--- YOUR TASK ---
Up to and including the line containing "2006 Dodge Charger", set down each line of the entries below exactly, starting from the first, and leave out the rest.
[Start of Attachment]
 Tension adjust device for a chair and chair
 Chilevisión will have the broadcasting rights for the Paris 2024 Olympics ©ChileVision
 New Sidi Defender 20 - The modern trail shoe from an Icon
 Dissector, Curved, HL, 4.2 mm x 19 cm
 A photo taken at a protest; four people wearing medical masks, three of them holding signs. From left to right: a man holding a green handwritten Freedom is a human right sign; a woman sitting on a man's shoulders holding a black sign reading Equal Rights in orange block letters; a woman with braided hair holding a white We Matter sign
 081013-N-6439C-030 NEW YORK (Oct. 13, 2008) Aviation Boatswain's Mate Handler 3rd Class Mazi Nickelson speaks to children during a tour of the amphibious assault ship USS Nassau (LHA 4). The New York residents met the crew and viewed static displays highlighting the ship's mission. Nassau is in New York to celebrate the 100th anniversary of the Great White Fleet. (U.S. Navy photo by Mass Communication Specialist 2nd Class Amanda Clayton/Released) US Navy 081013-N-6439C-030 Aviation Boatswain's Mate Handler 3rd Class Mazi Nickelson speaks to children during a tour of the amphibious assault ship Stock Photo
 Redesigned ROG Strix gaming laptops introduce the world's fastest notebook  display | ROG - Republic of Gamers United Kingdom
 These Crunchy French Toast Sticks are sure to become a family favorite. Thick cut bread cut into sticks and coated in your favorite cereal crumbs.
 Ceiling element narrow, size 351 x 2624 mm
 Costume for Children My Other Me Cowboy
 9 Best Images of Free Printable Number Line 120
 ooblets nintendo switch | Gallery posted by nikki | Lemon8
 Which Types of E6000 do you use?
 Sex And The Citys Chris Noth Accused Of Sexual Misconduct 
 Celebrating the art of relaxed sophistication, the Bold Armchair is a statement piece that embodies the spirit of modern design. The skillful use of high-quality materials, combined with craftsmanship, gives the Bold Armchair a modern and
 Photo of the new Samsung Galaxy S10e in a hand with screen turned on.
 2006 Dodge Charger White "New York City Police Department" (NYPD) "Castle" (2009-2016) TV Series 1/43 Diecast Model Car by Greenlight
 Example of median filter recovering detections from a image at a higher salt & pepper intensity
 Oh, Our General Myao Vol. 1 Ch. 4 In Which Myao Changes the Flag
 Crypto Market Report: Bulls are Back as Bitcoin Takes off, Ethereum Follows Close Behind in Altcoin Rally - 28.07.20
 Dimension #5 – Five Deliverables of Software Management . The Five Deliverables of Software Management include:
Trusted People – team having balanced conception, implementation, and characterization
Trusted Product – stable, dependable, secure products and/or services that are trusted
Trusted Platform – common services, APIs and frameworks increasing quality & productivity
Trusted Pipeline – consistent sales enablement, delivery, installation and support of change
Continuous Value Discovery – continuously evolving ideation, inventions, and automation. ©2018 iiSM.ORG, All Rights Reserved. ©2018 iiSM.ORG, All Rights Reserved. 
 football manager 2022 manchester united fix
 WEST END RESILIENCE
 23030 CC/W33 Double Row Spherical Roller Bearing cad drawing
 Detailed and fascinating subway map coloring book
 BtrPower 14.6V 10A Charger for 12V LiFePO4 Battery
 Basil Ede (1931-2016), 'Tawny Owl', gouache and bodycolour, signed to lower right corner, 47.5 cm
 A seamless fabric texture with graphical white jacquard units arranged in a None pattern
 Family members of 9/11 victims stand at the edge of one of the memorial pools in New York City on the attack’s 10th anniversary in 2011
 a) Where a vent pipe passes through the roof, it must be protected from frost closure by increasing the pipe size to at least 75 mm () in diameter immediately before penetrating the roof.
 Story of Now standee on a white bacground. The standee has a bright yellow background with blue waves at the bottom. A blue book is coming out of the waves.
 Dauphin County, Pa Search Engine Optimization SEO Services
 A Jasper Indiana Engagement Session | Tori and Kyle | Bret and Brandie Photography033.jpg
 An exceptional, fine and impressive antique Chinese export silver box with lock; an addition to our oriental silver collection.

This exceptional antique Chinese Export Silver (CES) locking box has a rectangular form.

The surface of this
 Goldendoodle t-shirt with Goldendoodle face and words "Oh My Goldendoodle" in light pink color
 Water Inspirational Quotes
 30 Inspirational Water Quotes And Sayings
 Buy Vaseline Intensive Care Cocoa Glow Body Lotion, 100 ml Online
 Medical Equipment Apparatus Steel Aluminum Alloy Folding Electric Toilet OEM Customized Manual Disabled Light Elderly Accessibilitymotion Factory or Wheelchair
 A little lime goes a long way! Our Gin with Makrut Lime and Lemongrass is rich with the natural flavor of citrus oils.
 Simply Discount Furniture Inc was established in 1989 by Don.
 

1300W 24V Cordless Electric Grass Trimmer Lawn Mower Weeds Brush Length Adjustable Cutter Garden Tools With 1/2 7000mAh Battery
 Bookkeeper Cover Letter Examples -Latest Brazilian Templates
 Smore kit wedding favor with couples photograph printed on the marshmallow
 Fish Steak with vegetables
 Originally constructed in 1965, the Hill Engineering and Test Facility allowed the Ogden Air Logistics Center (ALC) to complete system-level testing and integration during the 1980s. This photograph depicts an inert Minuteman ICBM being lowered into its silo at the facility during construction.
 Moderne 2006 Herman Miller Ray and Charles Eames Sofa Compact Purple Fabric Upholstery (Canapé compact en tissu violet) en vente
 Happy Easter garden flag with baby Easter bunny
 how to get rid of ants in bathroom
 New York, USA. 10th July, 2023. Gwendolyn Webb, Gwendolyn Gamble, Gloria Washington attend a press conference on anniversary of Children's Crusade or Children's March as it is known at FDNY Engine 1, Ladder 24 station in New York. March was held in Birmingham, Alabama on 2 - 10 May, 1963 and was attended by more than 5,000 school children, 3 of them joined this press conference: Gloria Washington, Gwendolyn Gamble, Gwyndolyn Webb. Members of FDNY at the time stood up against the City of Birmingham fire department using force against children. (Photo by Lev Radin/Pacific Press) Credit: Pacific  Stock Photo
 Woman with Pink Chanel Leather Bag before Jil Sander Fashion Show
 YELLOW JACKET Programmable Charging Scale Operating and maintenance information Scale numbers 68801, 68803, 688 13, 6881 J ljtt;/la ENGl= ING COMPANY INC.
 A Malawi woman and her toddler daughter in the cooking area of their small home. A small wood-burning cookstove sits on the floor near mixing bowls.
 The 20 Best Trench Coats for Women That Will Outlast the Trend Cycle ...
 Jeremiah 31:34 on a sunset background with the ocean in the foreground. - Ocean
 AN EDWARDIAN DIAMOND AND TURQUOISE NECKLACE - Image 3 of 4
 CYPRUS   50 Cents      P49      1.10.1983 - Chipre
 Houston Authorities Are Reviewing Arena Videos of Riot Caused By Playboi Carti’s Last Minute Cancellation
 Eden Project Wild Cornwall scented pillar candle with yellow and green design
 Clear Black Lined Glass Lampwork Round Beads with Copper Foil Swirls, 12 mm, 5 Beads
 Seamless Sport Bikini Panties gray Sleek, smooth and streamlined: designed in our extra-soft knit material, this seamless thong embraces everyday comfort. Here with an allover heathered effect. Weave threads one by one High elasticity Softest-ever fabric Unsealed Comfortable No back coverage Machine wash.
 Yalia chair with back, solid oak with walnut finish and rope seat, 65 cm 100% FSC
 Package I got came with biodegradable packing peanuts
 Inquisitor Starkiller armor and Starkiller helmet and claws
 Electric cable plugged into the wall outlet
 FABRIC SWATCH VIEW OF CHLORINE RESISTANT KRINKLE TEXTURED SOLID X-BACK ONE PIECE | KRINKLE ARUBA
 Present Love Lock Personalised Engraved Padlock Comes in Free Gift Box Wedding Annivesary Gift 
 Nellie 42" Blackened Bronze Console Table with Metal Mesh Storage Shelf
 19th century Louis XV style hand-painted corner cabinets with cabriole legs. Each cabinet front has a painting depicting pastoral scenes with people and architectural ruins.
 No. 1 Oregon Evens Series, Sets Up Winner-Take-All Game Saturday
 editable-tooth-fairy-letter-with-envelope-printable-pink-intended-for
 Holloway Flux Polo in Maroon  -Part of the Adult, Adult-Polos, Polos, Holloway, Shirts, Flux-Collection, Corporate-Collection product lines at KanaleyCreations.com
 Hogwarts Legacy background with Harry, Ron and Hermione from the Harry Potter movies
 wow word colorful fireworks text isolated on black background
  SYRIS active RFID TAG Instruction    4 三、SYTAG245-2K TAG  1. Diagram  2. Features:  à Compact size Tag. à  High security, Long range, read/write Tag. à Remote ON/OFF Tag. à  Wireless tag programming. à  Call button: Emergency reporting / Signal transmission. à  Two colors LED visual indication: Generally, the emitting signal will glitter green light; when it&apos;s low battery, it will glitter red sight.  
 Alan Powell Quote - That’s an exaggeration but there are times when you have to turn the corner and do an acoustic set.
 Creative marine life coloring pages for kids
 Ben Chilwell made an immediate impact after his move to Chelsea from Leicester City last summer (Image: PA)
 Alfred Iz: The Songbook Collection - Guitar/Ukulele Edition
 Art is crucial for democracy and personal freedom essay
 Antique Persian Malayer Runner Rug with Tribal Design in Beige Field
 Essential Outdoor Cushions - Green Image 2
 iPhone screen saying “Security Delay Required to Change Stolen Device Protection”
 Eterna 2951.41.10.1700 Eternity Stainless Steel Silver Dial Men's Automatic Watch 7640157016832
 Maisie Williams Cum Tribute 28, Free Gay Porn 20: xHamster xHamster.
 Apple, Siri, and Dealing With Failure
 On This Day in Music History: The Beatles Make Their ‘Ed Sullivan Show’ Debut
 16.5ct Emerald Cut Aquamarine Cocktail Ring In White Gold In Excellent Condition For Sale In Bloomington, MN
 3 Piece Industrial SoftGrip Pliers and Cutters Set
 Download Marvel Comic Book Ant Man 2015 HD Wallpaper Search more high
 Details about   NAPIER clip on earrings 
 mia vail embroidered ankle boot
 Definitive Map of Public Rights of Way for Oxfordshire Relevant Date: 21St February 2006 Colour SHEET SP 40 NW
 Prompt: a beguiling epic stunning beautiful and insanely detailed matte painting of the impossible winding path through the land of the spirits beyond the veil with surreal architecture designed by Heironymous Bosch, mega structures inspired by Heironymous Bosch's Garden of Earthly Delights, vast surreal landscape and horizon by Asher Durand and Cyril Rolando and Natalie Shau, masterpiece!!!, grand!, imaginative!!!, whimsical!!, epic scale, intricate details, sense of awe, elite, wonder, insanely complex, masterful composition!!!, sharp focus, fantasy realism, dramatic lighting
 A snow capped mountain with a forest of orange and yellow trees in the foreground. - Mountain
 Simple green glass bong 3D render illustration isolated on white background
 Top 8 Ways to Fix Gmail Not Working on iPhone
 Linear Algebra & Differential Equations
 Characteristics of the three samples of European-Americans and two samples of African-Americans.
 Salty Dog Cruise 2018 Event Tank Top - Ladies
[End of Attachment]
--- EXERCISE RESPONSE ---
 Tension adjust device for a chair and chair
 Chilevisión will have the broadcasting rights for the Paris 2024 Olympics ©ChileVision
 New Sidi Defender 20 - The modern trail shoe from an Icon
 Dissector, Curved, HL, 4.2 mm x 19 cm
 A photo taken at a protest; four people wearing medical masks, three of them holding signs. From left to right: a man holding a green handwritten Freedom is a human right sign; a woman sitting on a man's shoulders holding a black sign reading Equal Rights in orange block letters; a woman with braided hair holding a white We Matter sign
 081013-N-6439C-030 NEW YORK (Oct. 13, 2008) Aviation Boatswain's Mate Handler 3rd Class Mazi Nickelson speaks to children during a tour of the amphibious assault ship USS Nassau (LHA 4). The New York residents met the crew and viewed static displays highlighting the ship's mission. Nassau is in New York to celebrate the 100th anniversary of the Great White Fleet. (U.S. Navy photo by Mass Communication Specialist 2nd Class Amanda Clayton/Released) US Navy 081013-N-6439C-030 Aviation Boatswain's Mate Handler 3rd Class Mazi Nickelson speaks to children during a tour of the amphibious assault ship Stock Photo
 Redesigned ROG Strix gaming laptops introduce the world's fastest notebook  display | ROG - Republic of Gamers United Kingdom
 These Crunchy French Toast Sticks are sure to become a family favorite. Thick cut bread cut into sticks and coated in your favorite cereal crumbs.
 Ceiling element narrow, size 351 x 2624 mm
 Costume for Children My Other Me Cowboy
 9 Best Images of Free Printable Number Line 120
 ooblets nintendo switch | Gallery posted by nikki | Lemon8
 Which Types of E6000 do you use?
 Sex And The Citys Chris Noth Accused Of Sexual Misconduct 
 Celebrating the art of relaxed sophistication, the Bold Armchair is a statement piece that embodies the spirit of modern design. The skillful use of high-quality materials, combined with craftsmanship, gives the Bold Armchair a modern and
 Photo of the new Samsung Galaxy S10e in a hand with screen turned on.
 2006 Dodge Charger White "New York City Police Department" (NYPD) "Castle" (2009-2016) TV Series 1/43 Diecast Model Car by Greenlight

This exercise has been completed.